→ DATA FOR THIS EXERCISE:

——

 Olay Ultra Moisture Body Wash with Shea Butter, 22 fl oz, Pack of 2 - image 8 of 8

——

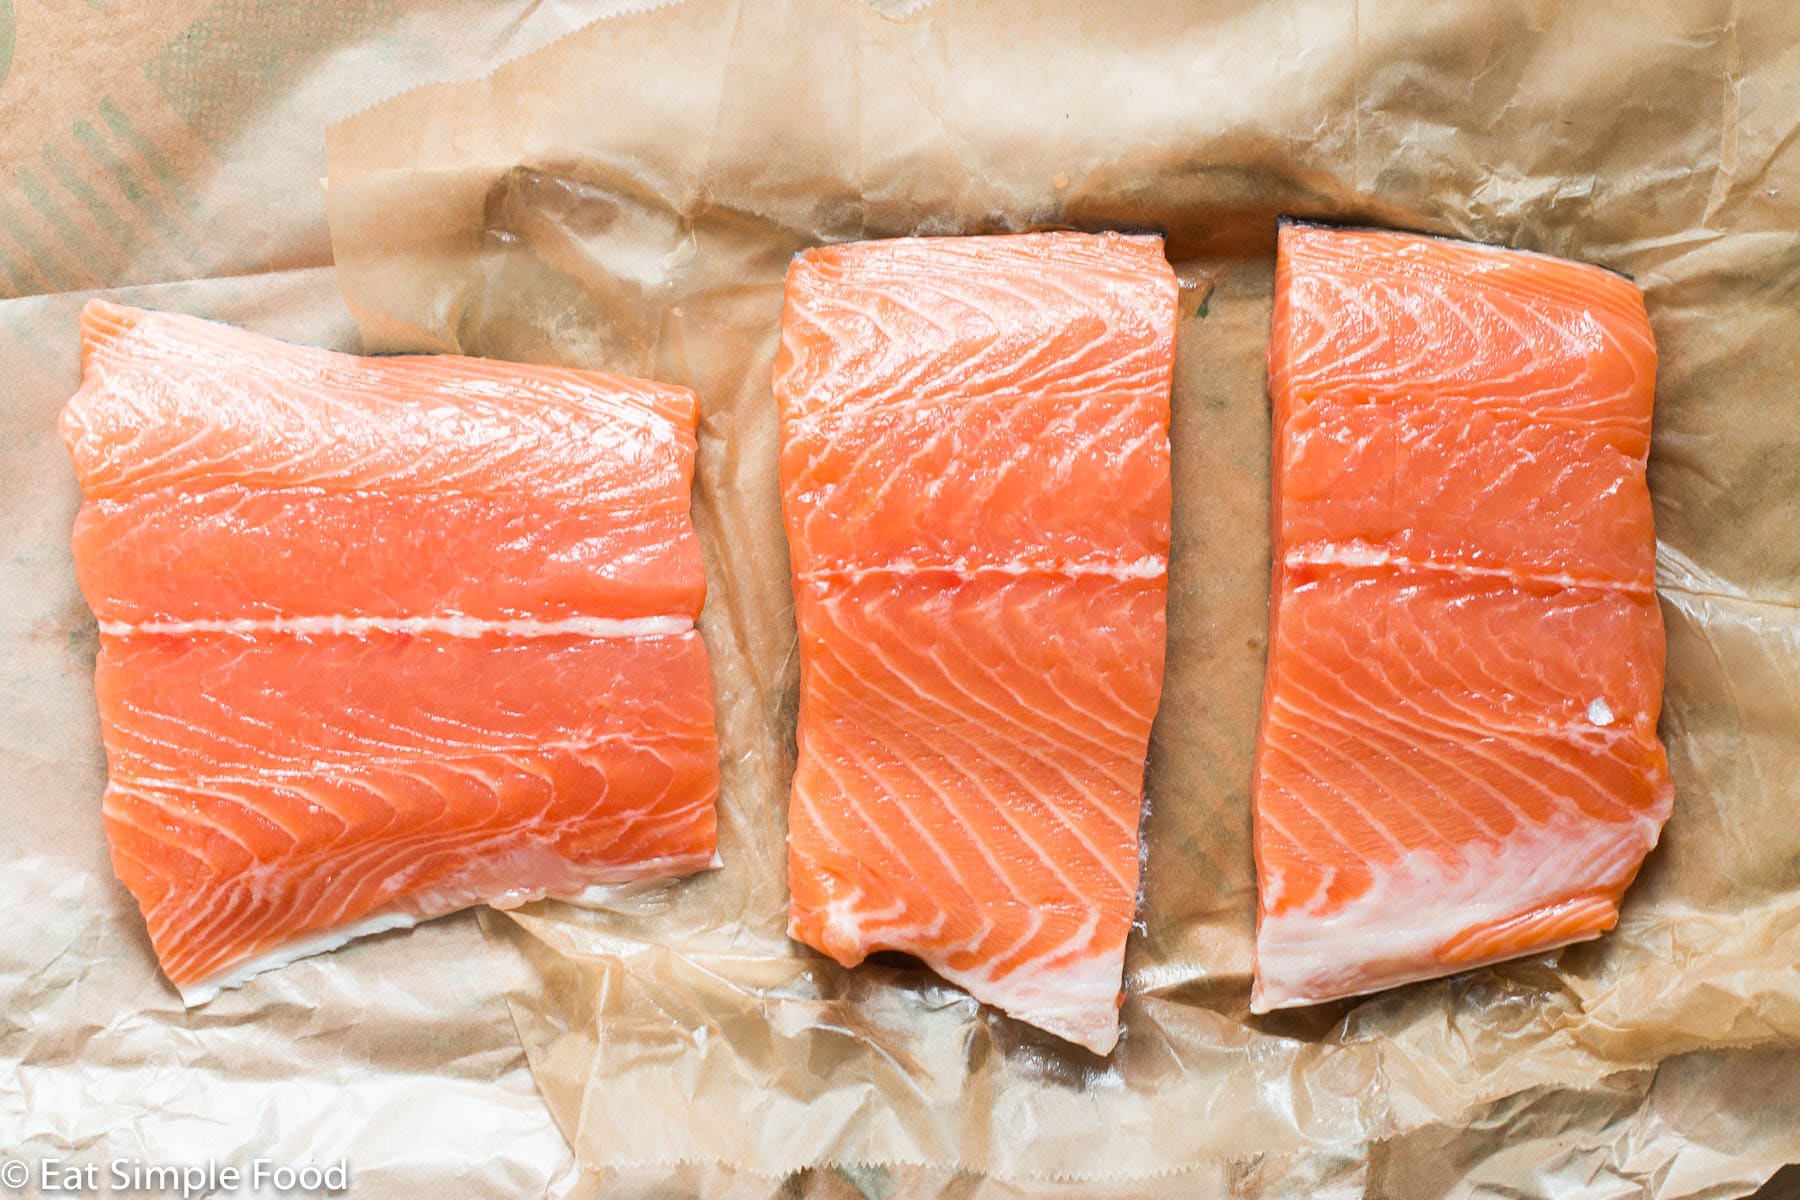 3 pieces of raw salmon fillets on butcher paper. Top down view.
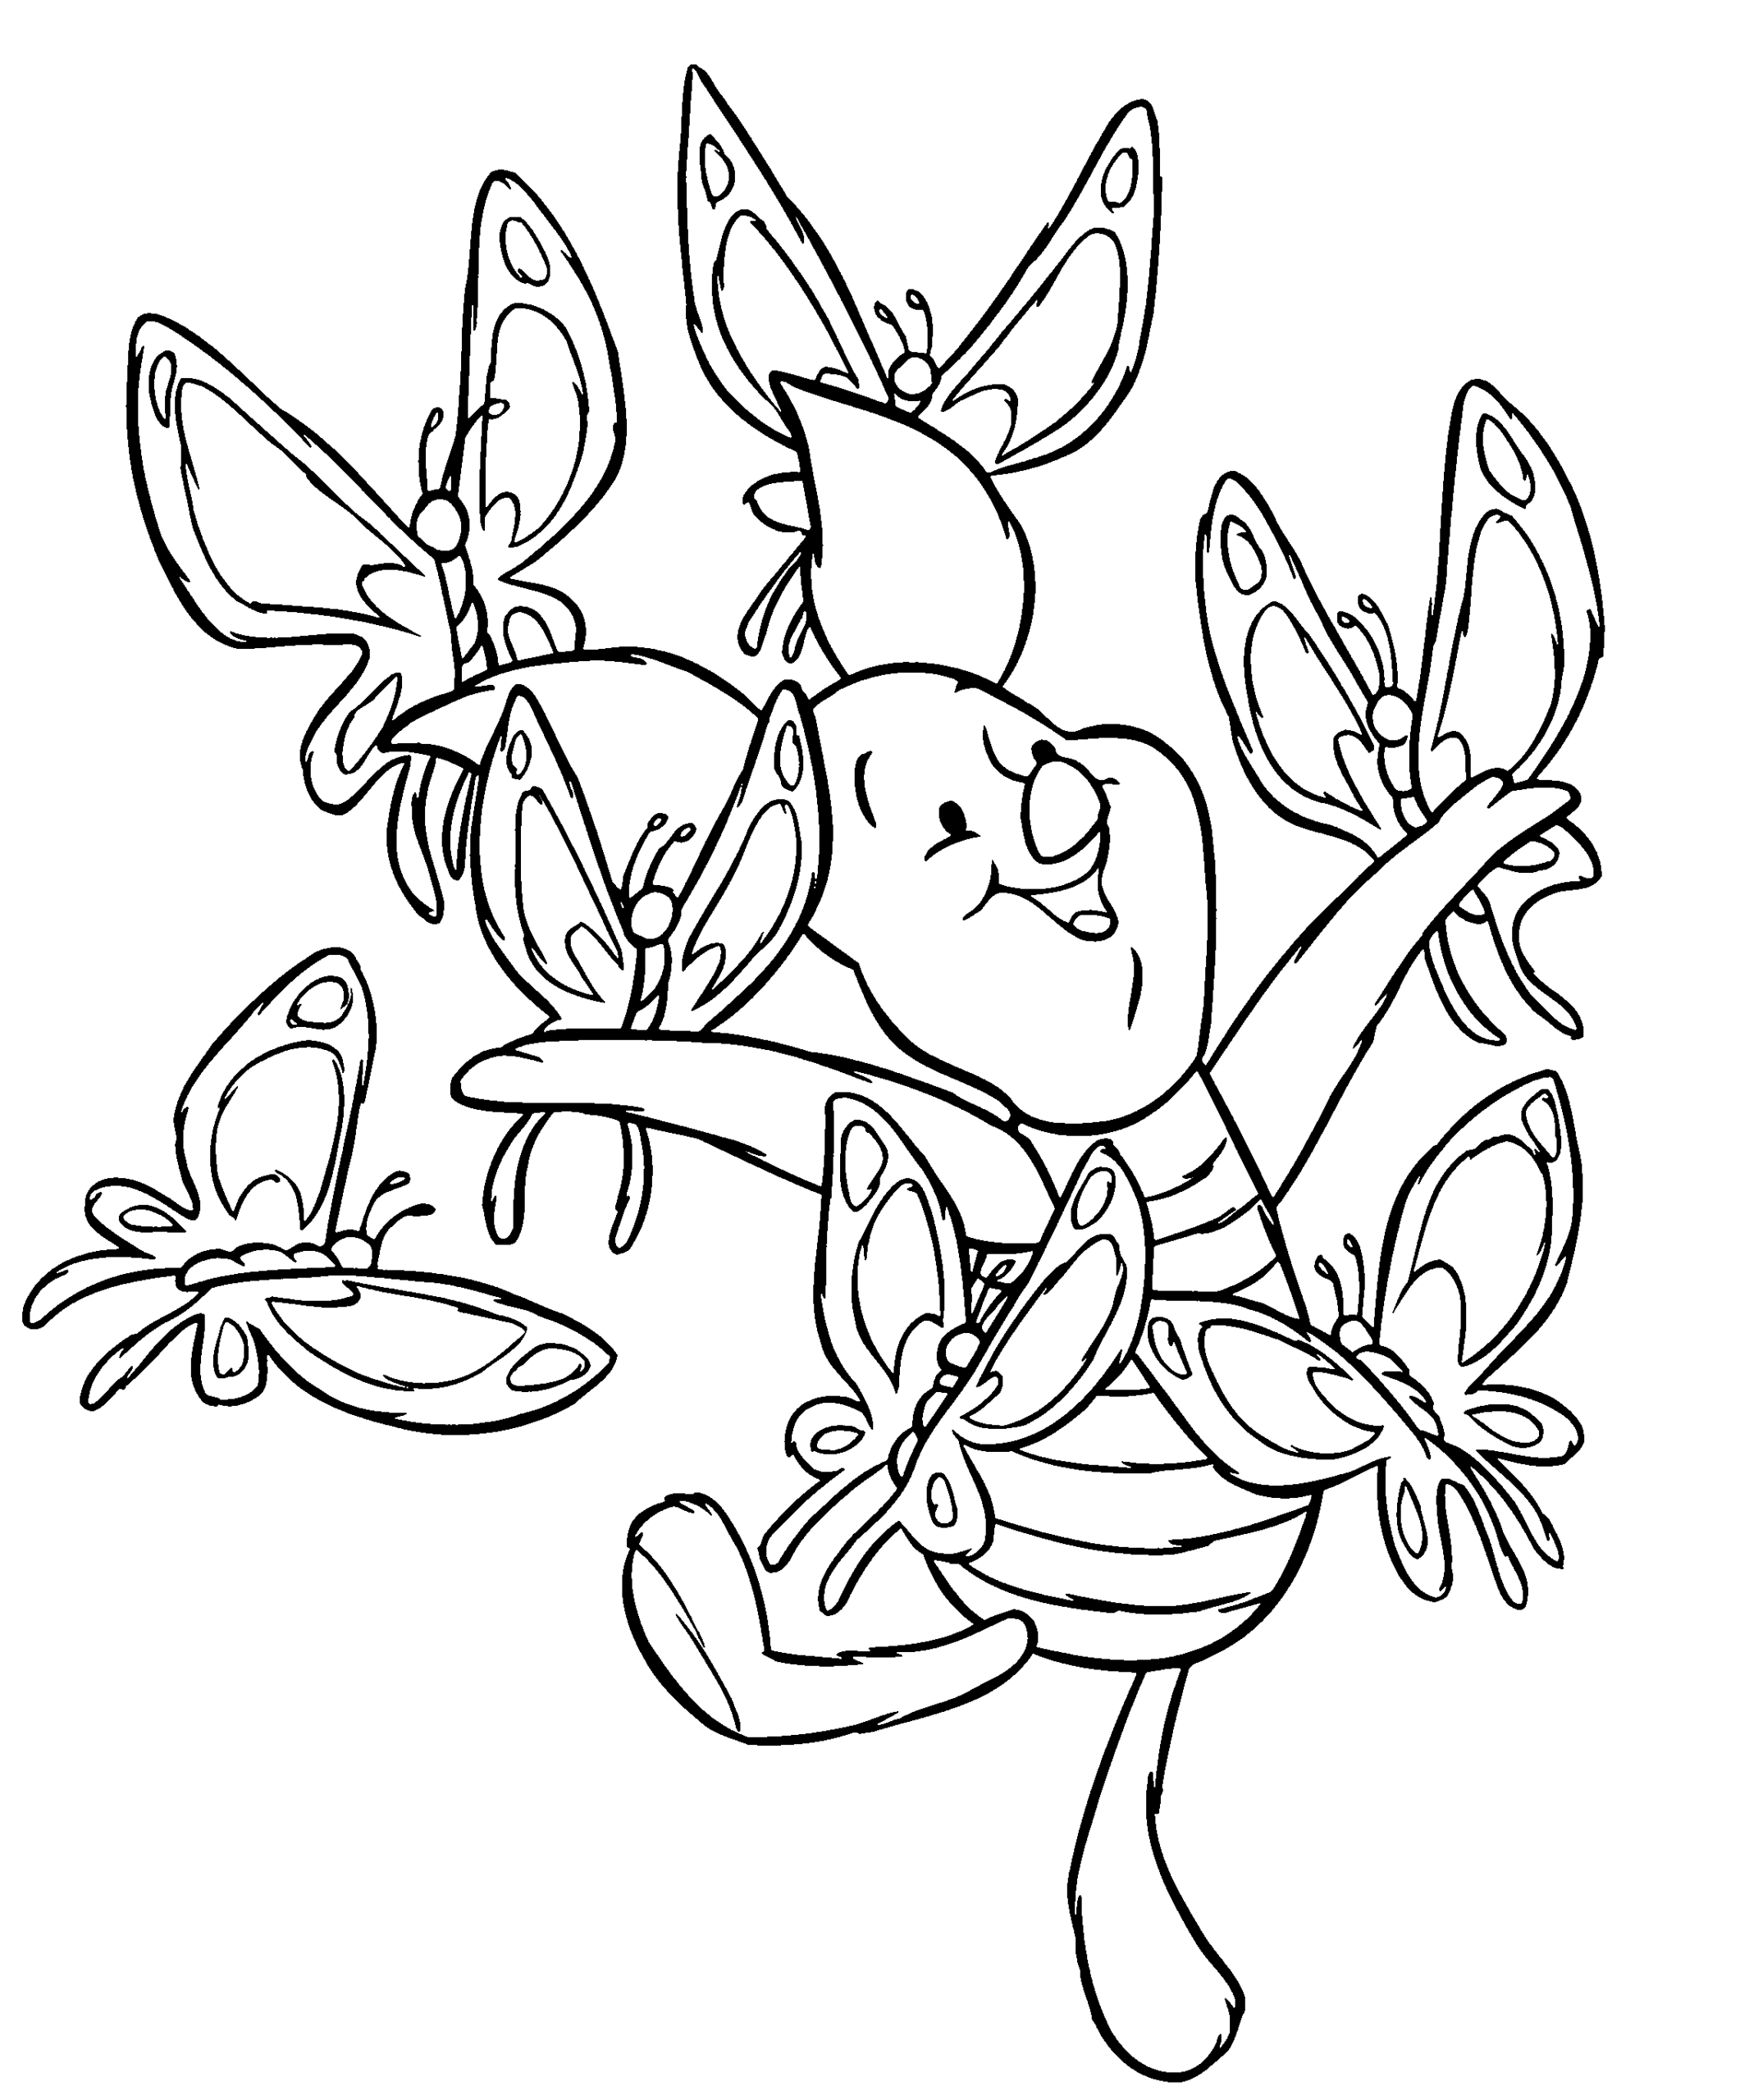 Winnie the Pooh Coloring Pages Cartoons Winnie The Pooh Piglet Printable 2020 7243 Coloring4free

——

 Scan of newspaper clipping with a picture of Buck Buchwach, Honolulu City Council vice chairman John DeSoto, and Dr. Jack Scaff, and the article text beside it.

——

→ DIRECTIONS FOR THIS TASK: Wherever a line holds the word "with", copy that line out of the entries above.

→ OUTPUT FOR THIS TASK:
 Olay Ultra Moisture Body Wash with Shea Butter, 22 fl oz, Pack of 2 - image 8 of 8
 Scan of newspaper clipping with a picture of Buck Buchwach, Honolulu City Council vice chairman John DeSoto, and Dr. Jack Scaff, and the article text beside it.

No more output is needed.